I've always wanted to design a font. That's actually why I started gfonted. That project is now dormant, but it spawned gdkrgb and libart, so it was certainly interesting.
Anyway, when pfaedit crossed my radar screen, one of the first things I tried is tracing the font a specimen sheet I had fallen in love with. The program is crude, let me tell you, but strangely usable anyway. Before too long, I had all of the letters in the original sample, uppercase and lowercase, drawn.
There are some letters which are standard in the alphabet now, but weren't standard when the specimen sheet was printed (only a bit more than a hundred years after Gutenberg). I would have to draw these myself.
So over the past few days, I did. I'm pleased with the results. None of the people I've showed it to have been able to guess which four letters I drew from scratch. Can you?
Assemblies
I had a dream last night that I was asking miguel about assemblies. Inspired by the dream, I stopped by #gnome and had a very nice chat with miguel, bjf, and others about the topic. I still haven't found a good document that explains them - bjf's advice was to play with Microsoft's implementation. In any case, I'm convinced that there are some very good ideas there. Most of the time, when we build larger systems out of components, we just throw the pieces together and cross our fingers. Sometimes it works, sometimes Murphy's Law reigns. The idea of assemblies is apparently much more systematic.
As an old-timer, the name tickles me a bit. The name "assembly" used to refer to assembly language, which is basically obsolete these days, so I guess Microsoft decided that the slot in the namespace was free. In any case, it evokes a much older time.

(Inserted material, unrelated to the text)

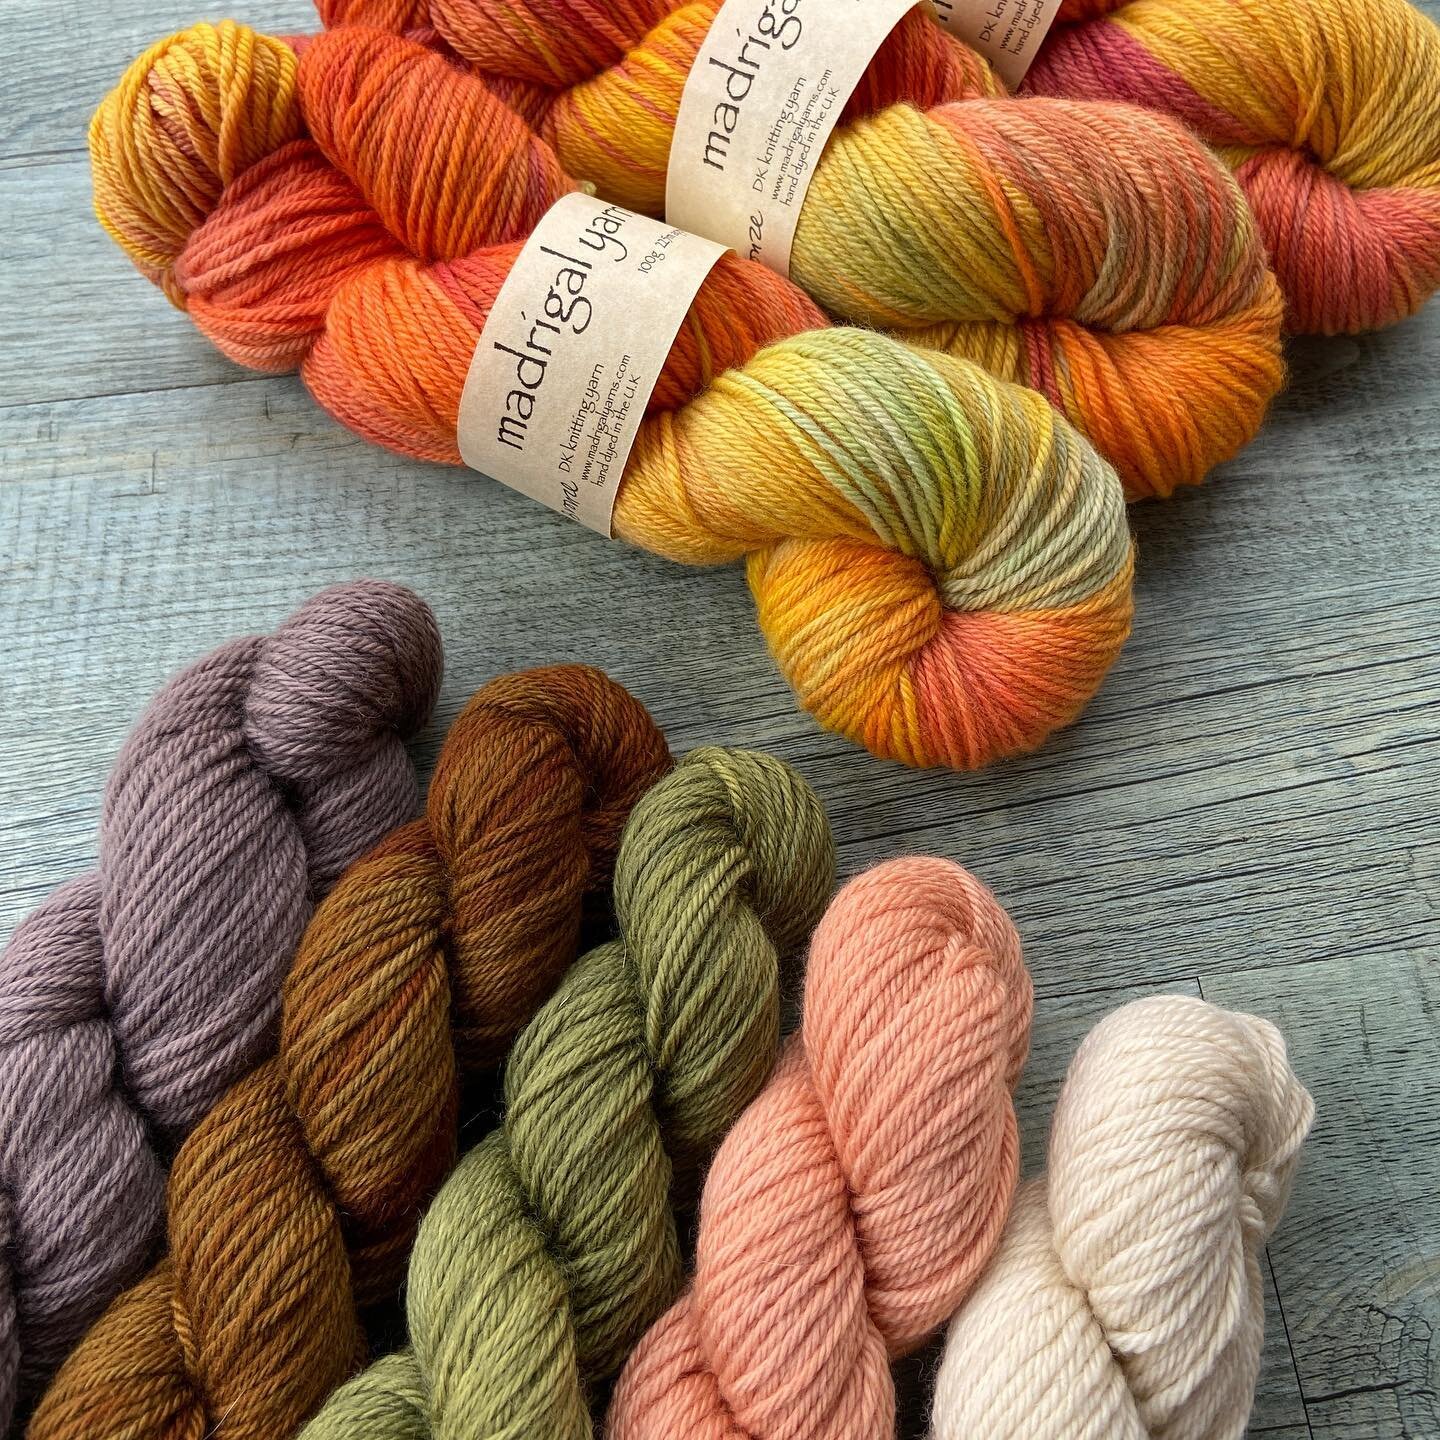 My final colour match for my heavenly Autumn Bronze involves (L-R) Cedar, Apollo, Willow, Peach, Linen. All shades available in store in beautiful mulesing free merino wool. Over 50 madrigal colourways in 100g skeins plus 30 solid solo colours in 50g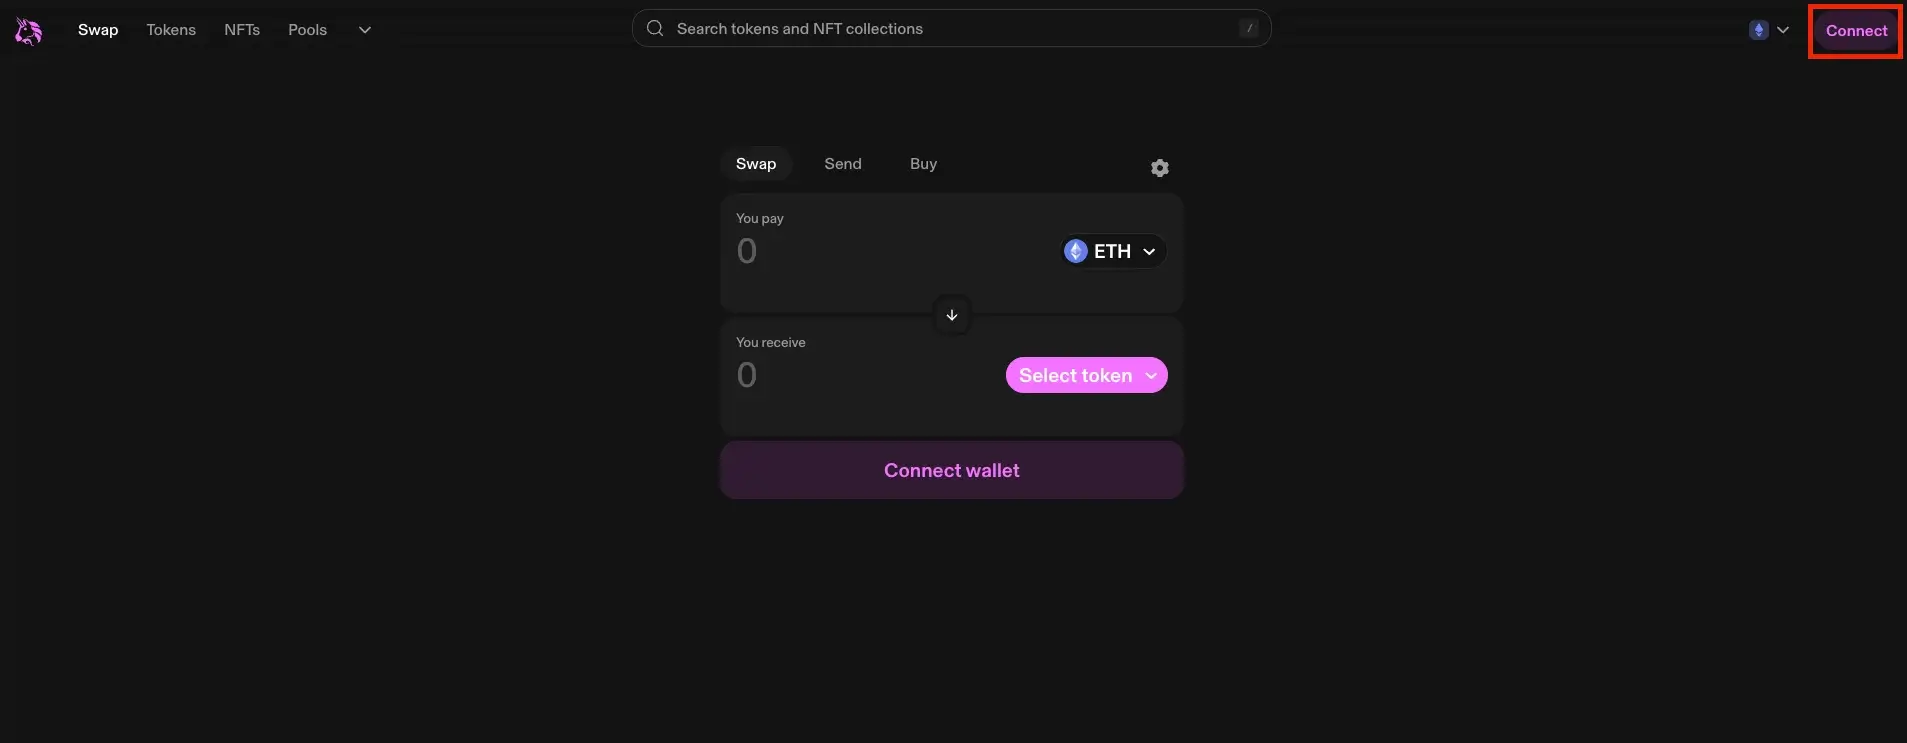 Step 1. Access Your Web3 Wallet/DApp Website and Click the "Connect" Button

Miguel is certainly right about one thing: Microsoft has a lot of very smart people who are paid to think about difficult problems. To ignore their work, for any reason, is stupid. Embrace and extend!
jbig2
Jbig2 implementations are starting to dribble out into the real world. We had a customer file come in recently that was created by Cvision's Cvista product. I hacked around a bit yesterday on jbig2dec, which is our (GPL) decoder project. It's fun stuff, and I hope we decide to ramp up the development on it. rillian is the main developer on it, but he hasn't had too much time for it either.